The Uganda Agricultural Extension Coalition Round Table & Conference, held on Wednesday at Hotel Africana in Kampala, was organised by the Ministry of Agriculture, Animal Industry and Fisheries (MAAIF) and the Uganda Forum for Agricultural Advisory Services (UFAAS), with support from AGRA and the African Forum for Agricultural Advisory Services (AFAAS).
The dialogue focused on policy reform, financing, coordination of extension actors, and the growing role of digital and AI-driven solutions in delivering extension services aligned to agro-industrialisation, climate resilience, and the Parish Development Model.
A Call to Break Silos
AFAAS Executive Director Dr Lihasi Lilian Kidula urged stakeholders to embrace collaboration. “We must work together across sectors if we are to enhance adoption, build resilience, and deliver results at scale,” Dr Kidula said.
She added that the coalition aligns with the African Union’s CAADP Agenda 2063. “No more silos must move from a slogan to a way of working.”
‘The System Is Broken, Not the Farmer’
Delivering some of the forum’s most candid remarks, AGRA Uganda Country Director Mr David Wozemba challenged partners to confront uncomfortable truths about agricultural extension in Uganda.
“The system is broken not because we do not reach the district, but because we do so without coordination,” Wozemba said. “Within the sector, we are about 32 partners, yet many of us work in the same villages, reaching the same farmer—sometimes 30 or 40 times over 10 to 15 years—with similar or even conflicting messages.”
Wozemba questioned whether extension efforts were truly leading to behaviour change, rather than just awareness. “We tell a farmer that a maize variety is good. The farmer agrees. But does the farmer buy it? Often, no—because of affordability, access, and risk. Collectively, we are not removing these constraints.”
He also raised concerns about impact and accountability, noting that the sector absorbed an estimated USD 1.5 billion last year. “The question is not whether the money was spent, but whether it delivered measurable outcomes. Where is the impact? Where are the numbers?”
A Neutral Platform for Change
Dr Richard Miiro, Chairperson of the UFAAS Board, acknowledged that Uganda’s extension ecosystem remains poorly harmonised despite the country’s heavy dependence on agriculture.

“About 85 per cent of our GDP depends on agriculture, and in one way or another, the whole country survives on agriculture,” Dr Miiro said. “Yet we are not very well coordinated.”

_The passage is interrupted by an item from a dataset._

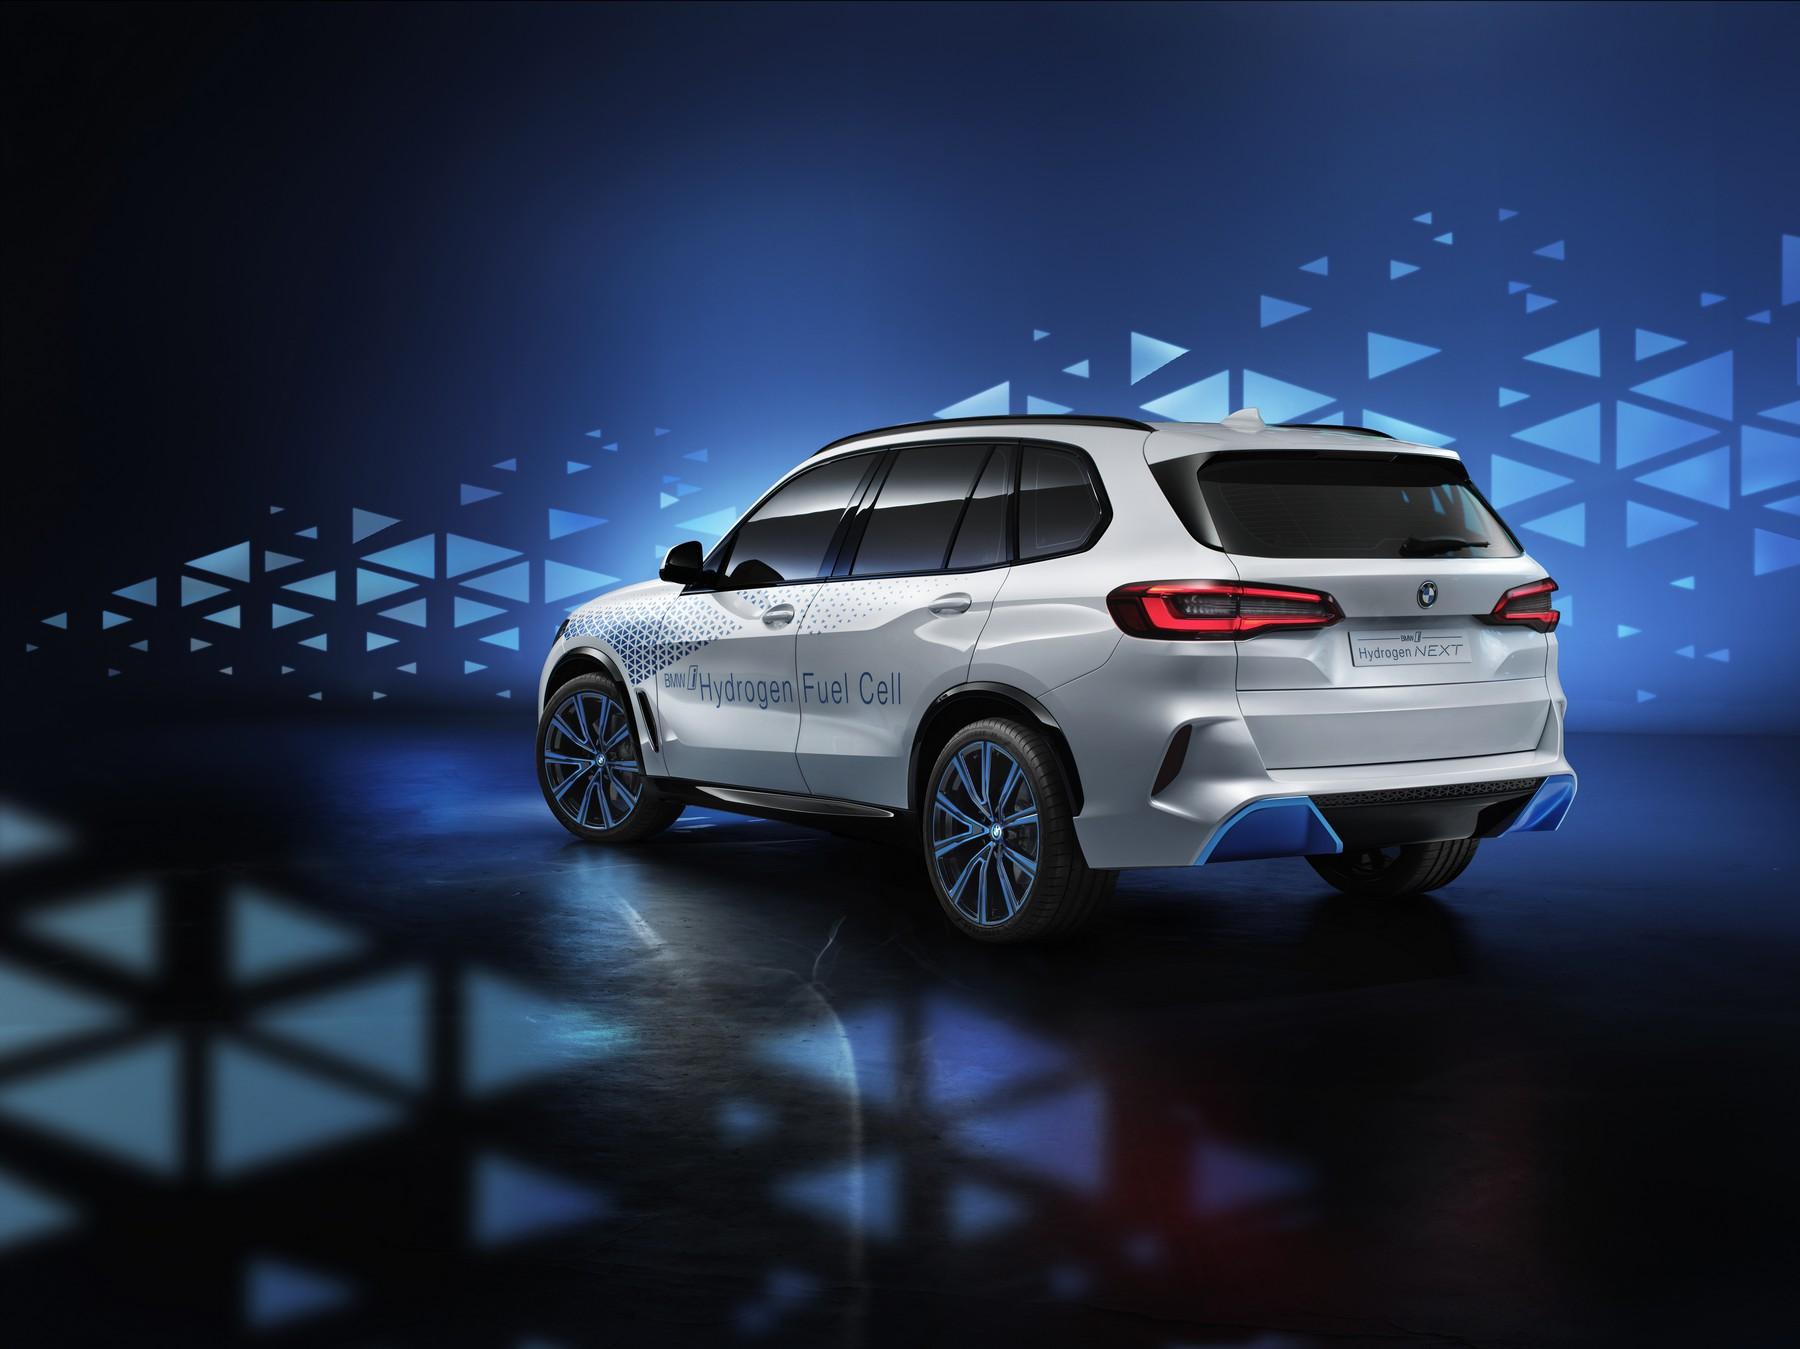 BMW-i-Hydrogen-Next-4

He positioned UFAAS as a neutral convening space for all actors—from scientists and extension workers to private sector players and farmers. “UFAS wants to offer itself as a platform that brings everyone together, respects all actors, and allows us to negotiate, listen, and agree on how best to serve farmers.”
‘We Analyse Well, But We Don’t Change Enough’
Representing MAAIF, Ms Jennifer Oyuru, Assistant Commissioner for Agricultural Extension and Skills Management, delivered a sobering assessment of the sector’s performance.
“There has been a lot of money sent into this country in the name of improving the well-being of our farming communities. But to be honest, they are not changing,” Oyuru said. “We must ask ourselves: is the problem us, the policies, or the people we are trying to change?”
She criticised excessive time spent in meetings rather than in the field. “We used to say extension officers should spend 80 per cent of their time in the field. Today it is the opposite—80 or even 90 per cent in offices. Can we change this country with only 10 per cent field engagement? I do not think so.”
Oyuru called for a shift from fragmented interventions to integrated, value-chain-driven approaches, stressing that farmers need practical skills, not just information.
Voices from Practice
Adding a reflective voice, Dr Joshua Zimbe, Principal Dairy Development Officer at MAAIF, urged participants to embrace patience, honesty, and collaboration. “Access is power,” Dr Zimbe said. “This is a process—it’s not a game. Skill matters. Discipline matters. Vision matters.”
He encouraged openness and dialogue within the sector. “What’s wrong with you is not taboo. Talk about it. Even united, we struggle sometimes—but we keep going.”
As the one-day forum concluded, stakeholders agreed that coordination is no longer optional. Participants are committed to breaking institutional silos, strengthening local government leadership in extension, leveraging digital innovations, and ensuring that extension services translate into visible, measurable change on farms.
The outcomes of the roundtable are expected to inform ongoing policy reforms and strengthen Uganda’s agricultural extension system as a driver of inclusive growth, resilience, and agro-industrialisation.